Coral reefs near Enderbury Island, Kiribati

Today and Thursday, we’re examining climate change and coral reefs. Two scientists recently visited the Academy to discuss this topic from two different angles—Simon Donner is a climate scientist at the University of British Columbia and Steve Palumbi is a biologist at Stanford. Both study how warmer temperatures affect these invertebrates, and today, we’re covering Donner’s studies.

Why the focus on corals? According to Donner’s website, coral reefs are “the most biologically diverse marine ecosystems on the planet. Millions of people in the developing countries depend on coral reefs every day, for shoreline protection, for food, and for income.”

Donner studies the effects of climate change on many different aspects of life—such as land use and water—and he wants to understand how organisms vary in their sensitivity to climate change. In fact, coral reefs are very sensitive. The corals that Donner studies, in the islands of Kiribati (pronounced kiribas) in the equatorial Pacific, are on the front lines of climate change. “Kiribati happens to be right in the heart of the El Niño zone. That means the Kiribati coral reefs there experience more frequent ‘heat waves’ than other reefs in the tropics.”

El Niños bring naturally occurring heat waves, and Donner and his colleagues want to understand how reefs respond to these warming events. “We want to know what a reef that can survive climate change looks like,” he says.

In the ten years that his team has been working in Kiribati, they have seen several mass bleaching events. Coral bleaching occurs when the water becomes so warm, the corals release their algal symbionts. Photosynthetic algae feed corals and give corals their color. In return, the corals provide shelter for the algae. Corals can survive a bleaching event and recover, depending on conditions, and, as Donner and his team are finding, the species of coral.

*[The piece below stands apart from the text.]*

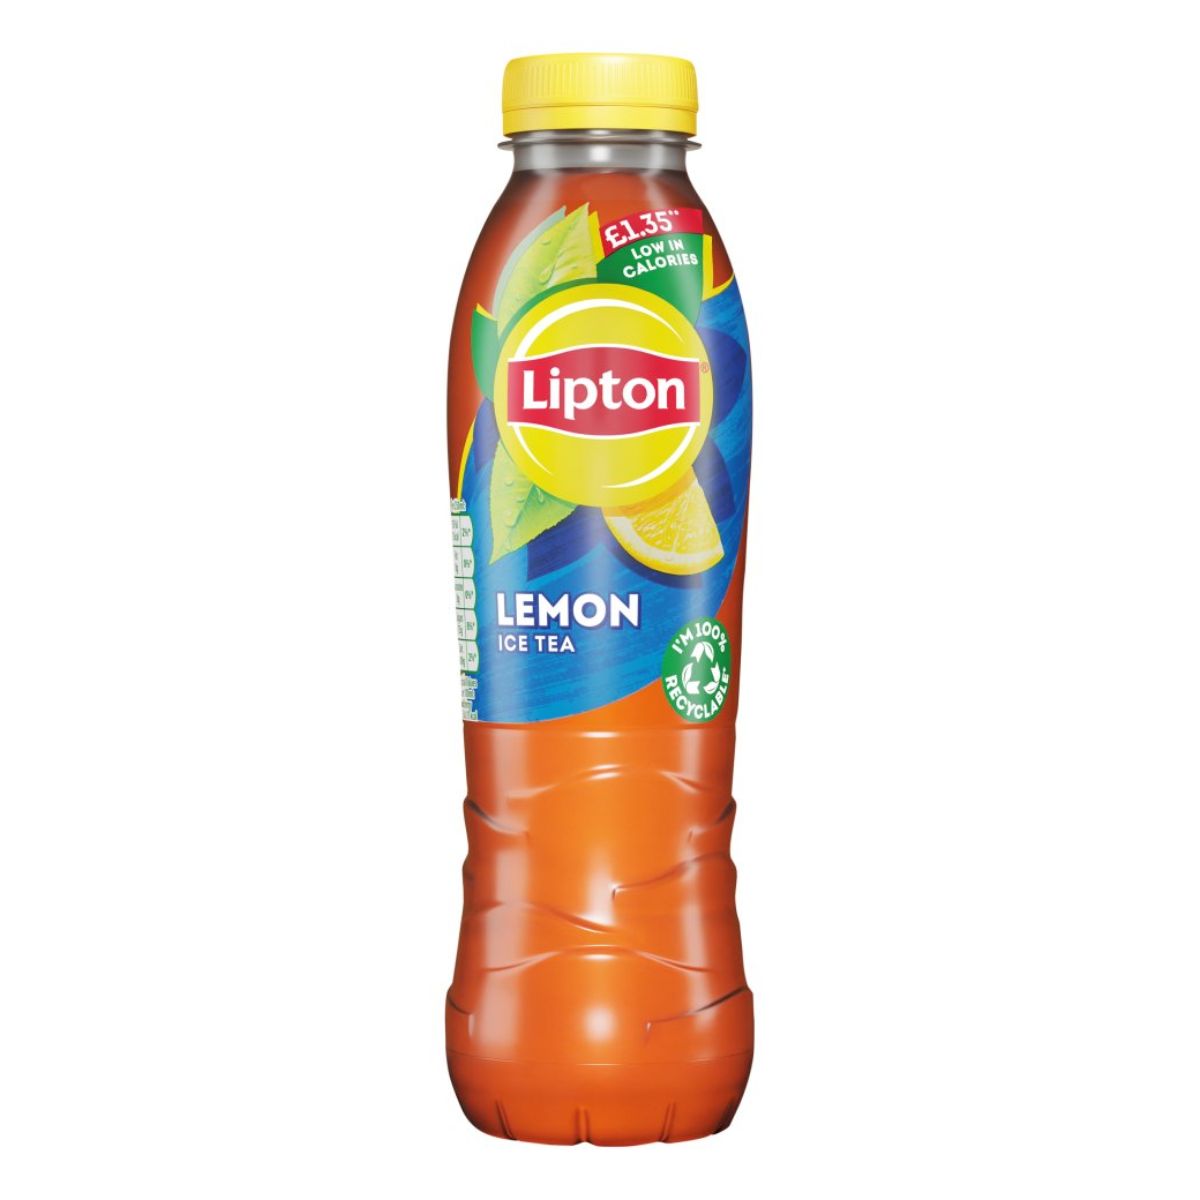 Bottle of Lipton - Lemon Ice Tea - 500ml.

So far, their findings provide both good and bad news, Donner says. These coral reefs do seem to survive heat stress better than others. But these reefs tend to be dominated by “weedy corals,” as Donner describes them. “Coral reefs are diverse habitats, but if they are dominated by weedy corals, there’s low coral diversity, which could mean low diversity of other life there.”

Getting a full picture will take some time, he says. “The Kiribati coral research is old-fashioned natural history: the goal is to track how the coral reefs are changing over time in response to the climate and other pressures. It takes patience. The evidence so far confirms the original hypothesis that the ocean’s frequent heat waves make the reefs more resilient to heat stress. This seems to be happening through the dominance of a few weedy species, but we need a few more years of data to say for sure.

“I suspect that the persistence of corals with a weedy life history strategy in a place prone to heat waves is a sign of the future,” he continues. “In Kiribati, the species in question happens to be Porites rus, but elsewhere it may be another species. Though we need more data to really confirm the hypothesis, the possibility raises some questions about marine conservation strategies. Do we focus on the aesthetically appealing locations with little past heat stress experience, or these tough but less diverse reefs?”

While Donner has been studying these reefs for ten years already, he suspects it will take awhile longer to answer this question. “In that time, I also hope to raise enough donations to train and support local people to conduct and lead the surveys themselves.”

In the meantime, Donner is also busy on another very noble, and useful, pursuit. “I’m actually working—slowly, I should add—on a book that takes a broad look at why climate change is such a confusing subject. It leaves behind the politics of today and focuses on root causes.”